DDNSSD_ENABLE_METRICS

Default: "false"

If set to a true-ish string ("yes", "true", "on", or "1"), then a webserver will be started on port 9218, which will emit Prometheus metric data on /metrics.
DDNSSD_RECORD_TTL

Default: 60

Valid Range: 0-(2^31)-1

The TTL (time-to-live), in seconds, to set on all DNS resource records created by ddns-sd during operation. The default, 60 seconds (one minute) is a reasonable middle ground between "hammering the DNS server into the ground with endless requests" and "why didn't you tell me hours ago all the servers had gone away?".
DDNSSD_HOST_IP_ADDRESS

Default: ""

The IPv4 address to use for published port registrations that don't specify an explicit IP address.

If set to the empty string (the default), then published ports will not be registered unless an IP address was provided to the --publish argument to docker run.
DOCKER_HOST

Default: "unix:///var/run/docker.sock"

Where ddns-sd should connect in order to communicate with Docker.

This is mostly useful in situations where you want to put your Docker socket somewhere unusual. If you change the -v option you pass to docker run when starting this container, or you're connecting to Docker via TCP, you'll need to change this, otherwise you can leave it alone.
DDNSSD_VALIDATE_PORTS

Default: "true"

If set to a true-ish string ("yes", "true", "on", or "1"), then service instances will only be registered if the labelled port is an exposed port in the container. Otherwise a warning will be logged, but the service instance will be registered.
DDNSSD_CHECKPOINT_SECONDS

Default: 0

If set to a positive integer value, then the service will reconcile the expected v. existing records on that schedule. Otherwise it only happens when the service is first started.
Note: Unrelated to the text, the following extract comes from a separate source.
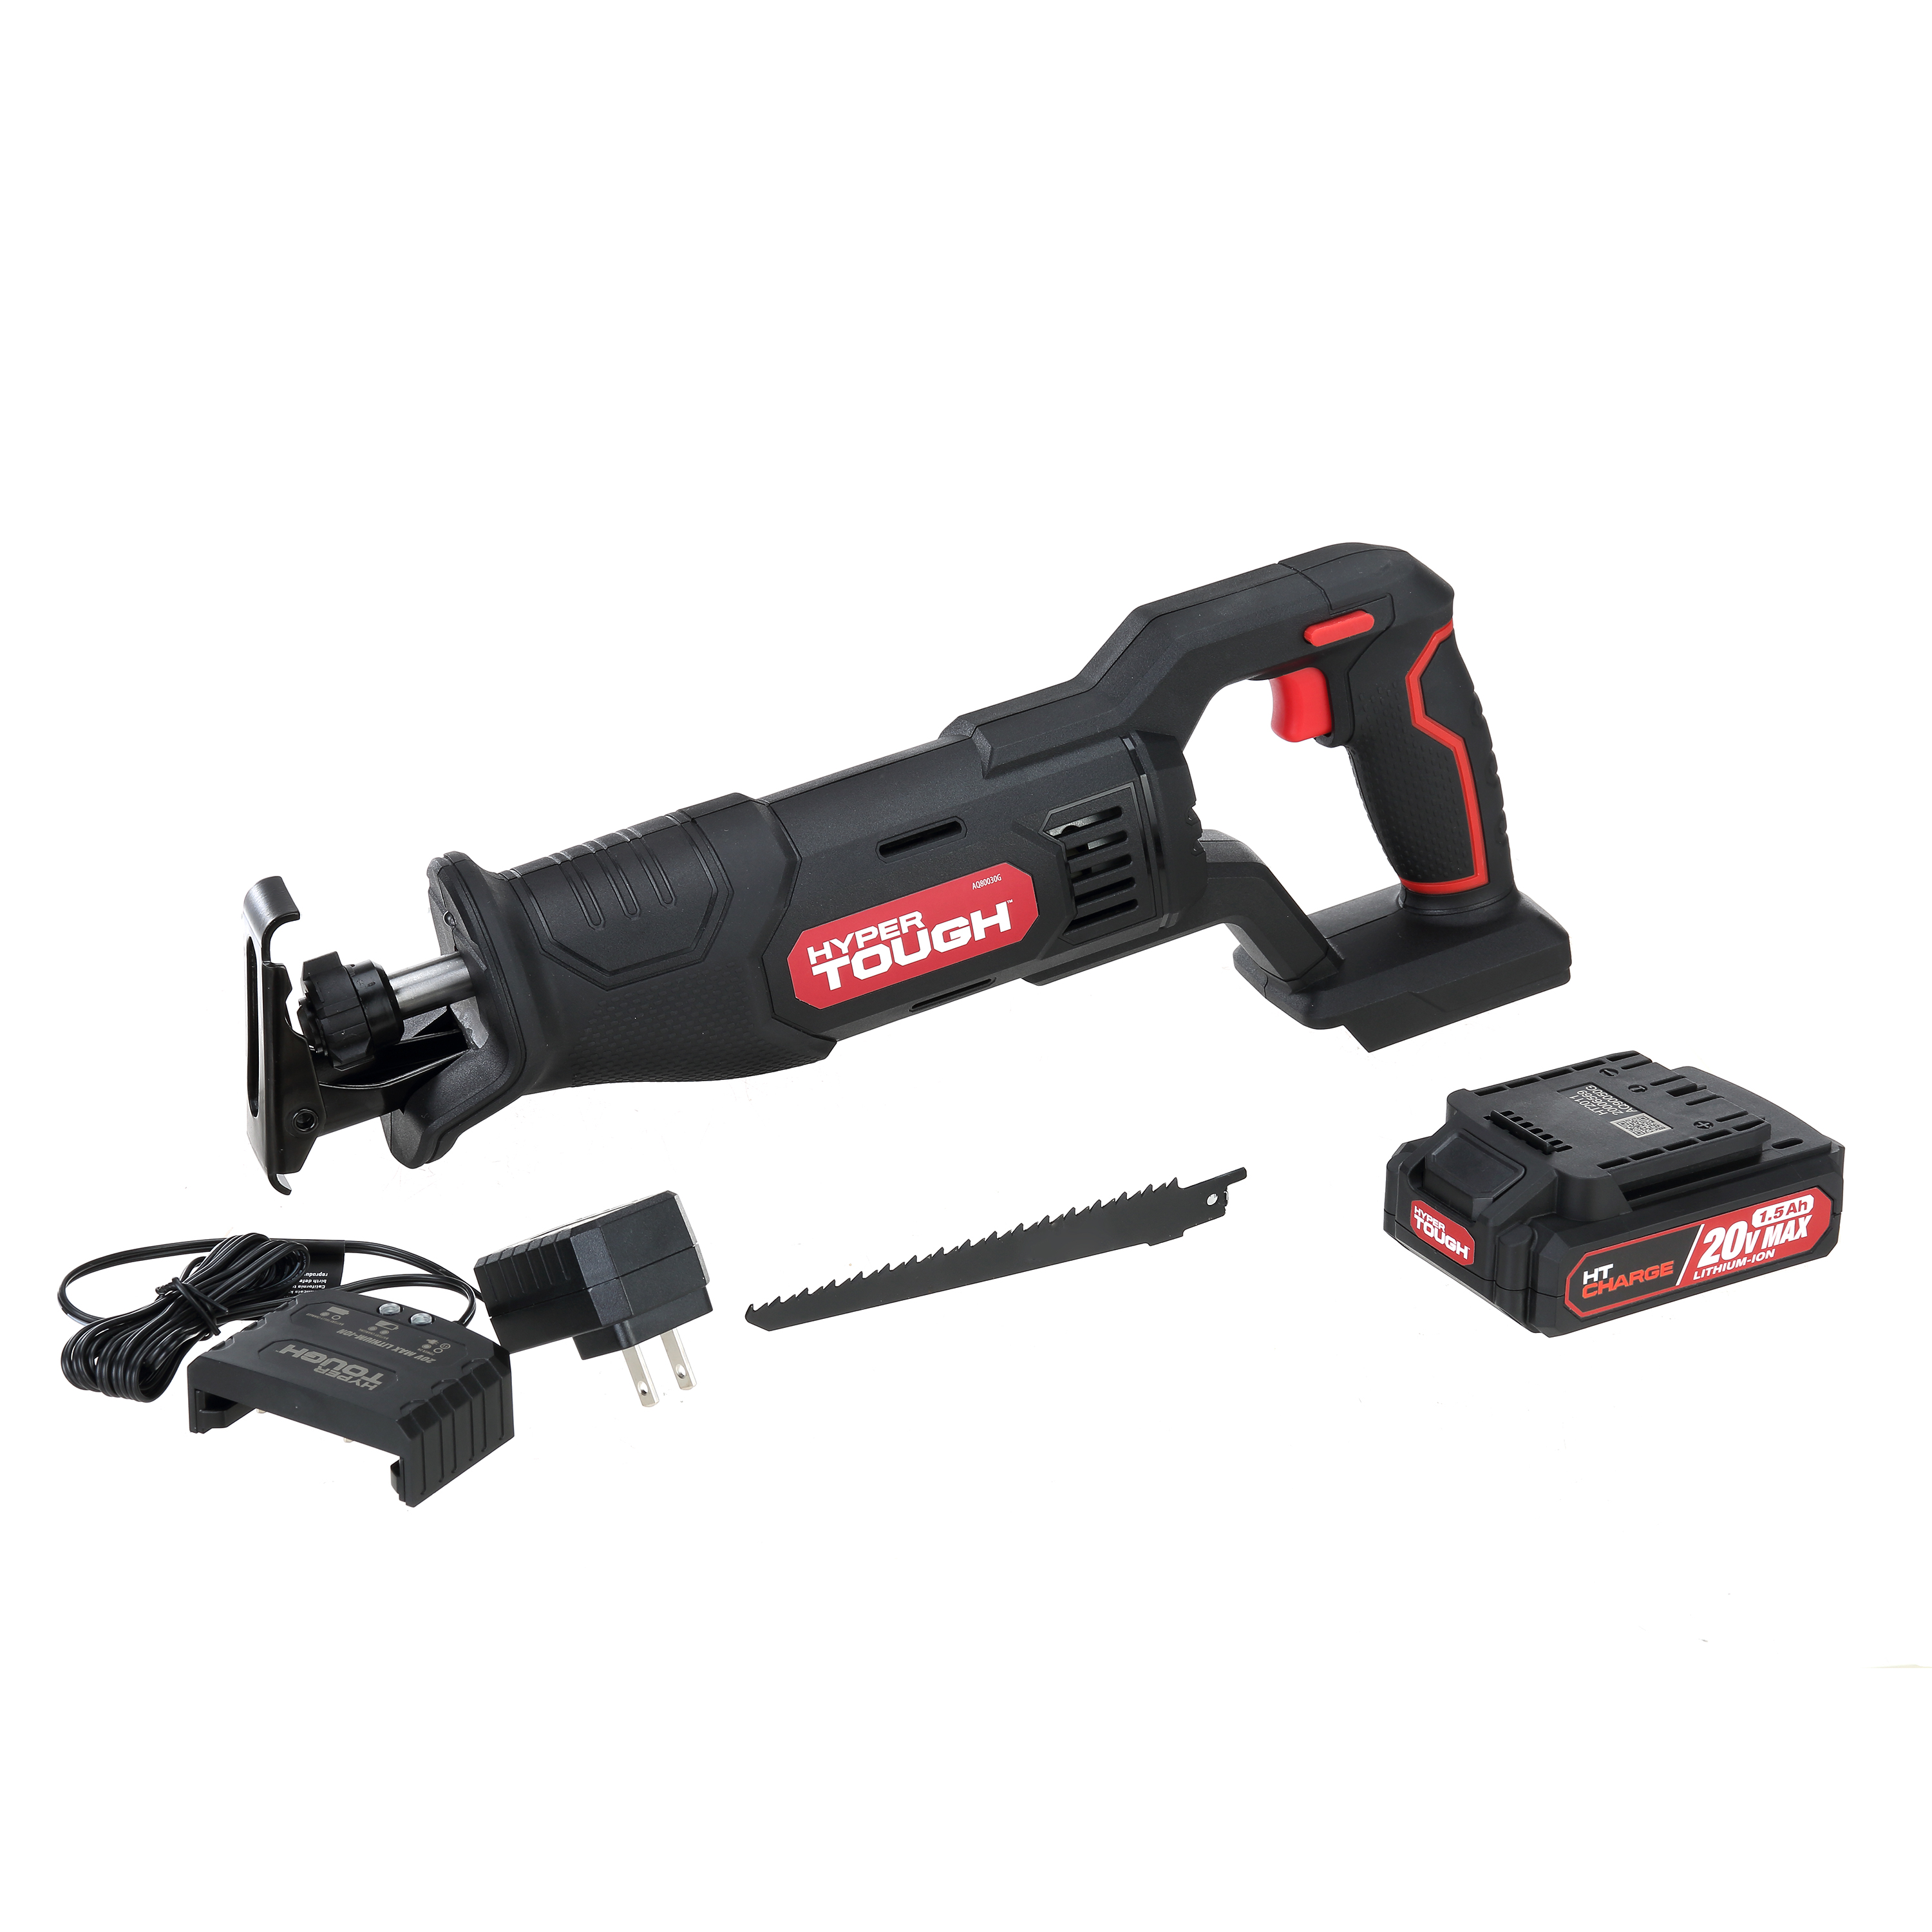 Hyper Tough 20V Max Lithium-ion Cordless Reciprocating Saw, Variable Speed, Keyless Blade Change, with 1.5Ah Lithium-Ion Battery and Charger, Wood Blade and LED Light - image 3 of 28
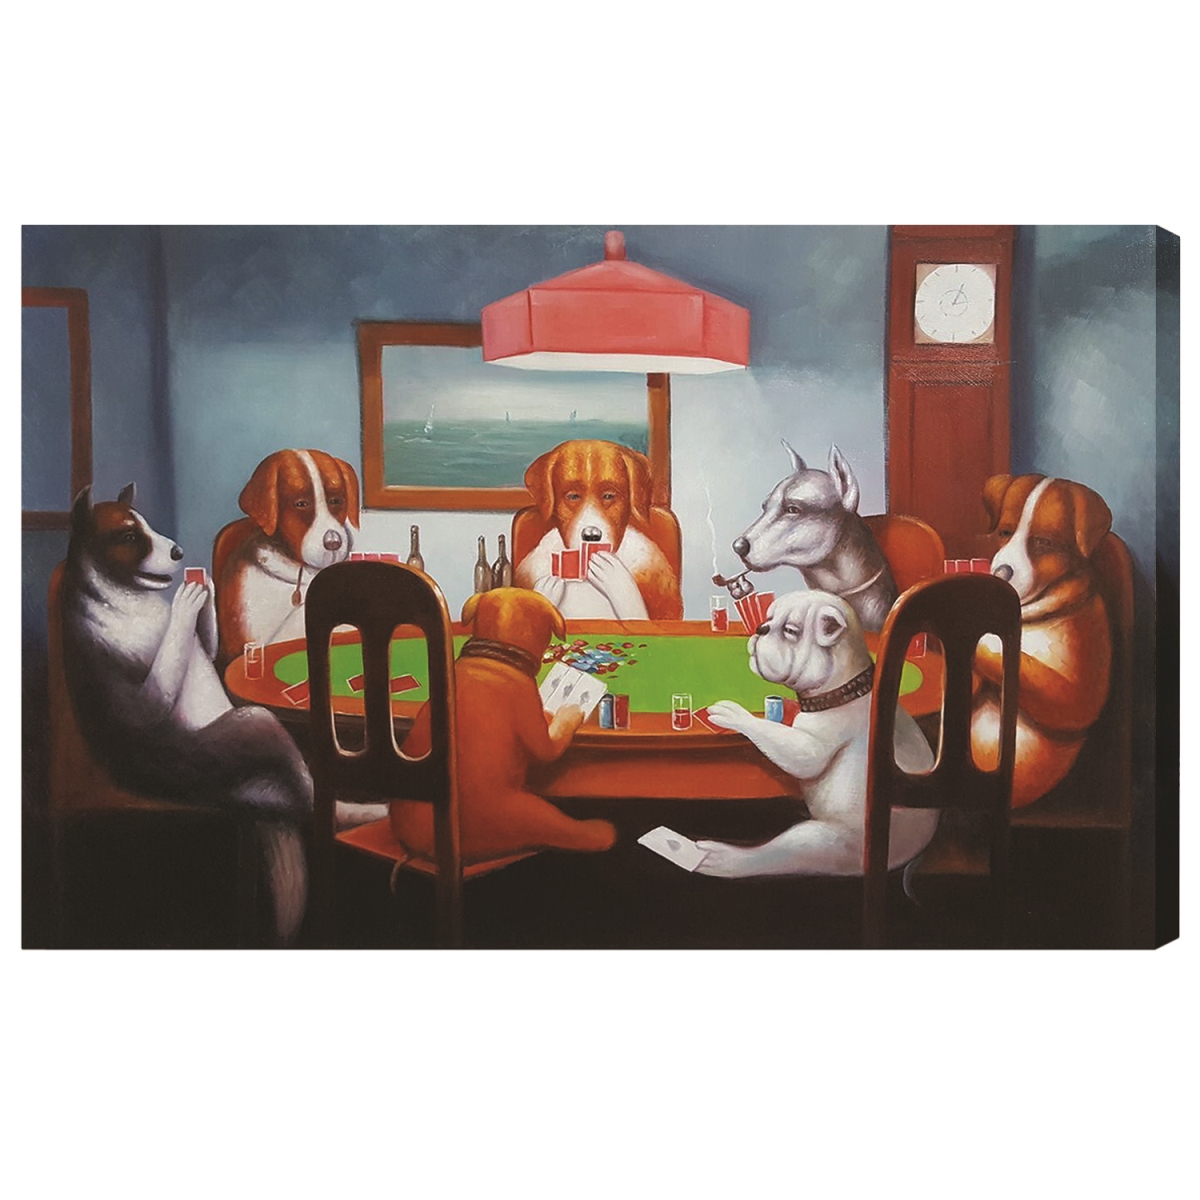 Picture of RAM Game Room OP10 36 x 24 in. Friend in Need Oil Painting on Canvas

Each DNS service plugin may also have its own configuration variables that can be used to configure backend-specific items; see the description of your chosen service backend under "Support DNS Services", below, for more details.

Container Configuration

In order for a service to be registered for a container, the container itself must opt-in to registration, by setting labels on the container. Labels can be set on the image when it is built (and will propagate into the running container), or set directly on the container at runtime.

Basic registration

To cause a service instance to be registered on behalf of a container, the label org.discourse.service._<name>.port must exist, and the value must be an exposed port in the container.

The <name> in the label must follow the rules for service names in RFC6335, in particular section 5.1, which states:

Valid service names are hereby normatively defined as follows:

MUST be at least 1 character and no more than 15 characters long

MUST contain only US-ASCII letters 'A' - 'Z' and 'a' - 'z', digits '0' - '9', and hyphens ('-', ASCII 0x2D or decimal 45)

MUST contain at least one letter ('A' - 'Z' or 'a' - 'z')

MUST NOT begin or end with a hyphen

hyphens MUST NOT be adjacent to other hyphens

[...] Although service names may contain both upper-case and lower-case letters, case is ignored for comparison purposes, so both "http" and "HTTP" denote the same service.

The underscore is required in the tag name, but isn't part of the "service name" itself (and therefore isn't one of the 15 characters).

Many existing protocols and services have an IANA-registered service name, and you are encouraged to use them where possible. If you do need to create your own service name, you probably want to at least skim over RFC6763 section 7, as it contains a lot of useful advice. (Ignore section 7.1, though; we don't support subtypes.)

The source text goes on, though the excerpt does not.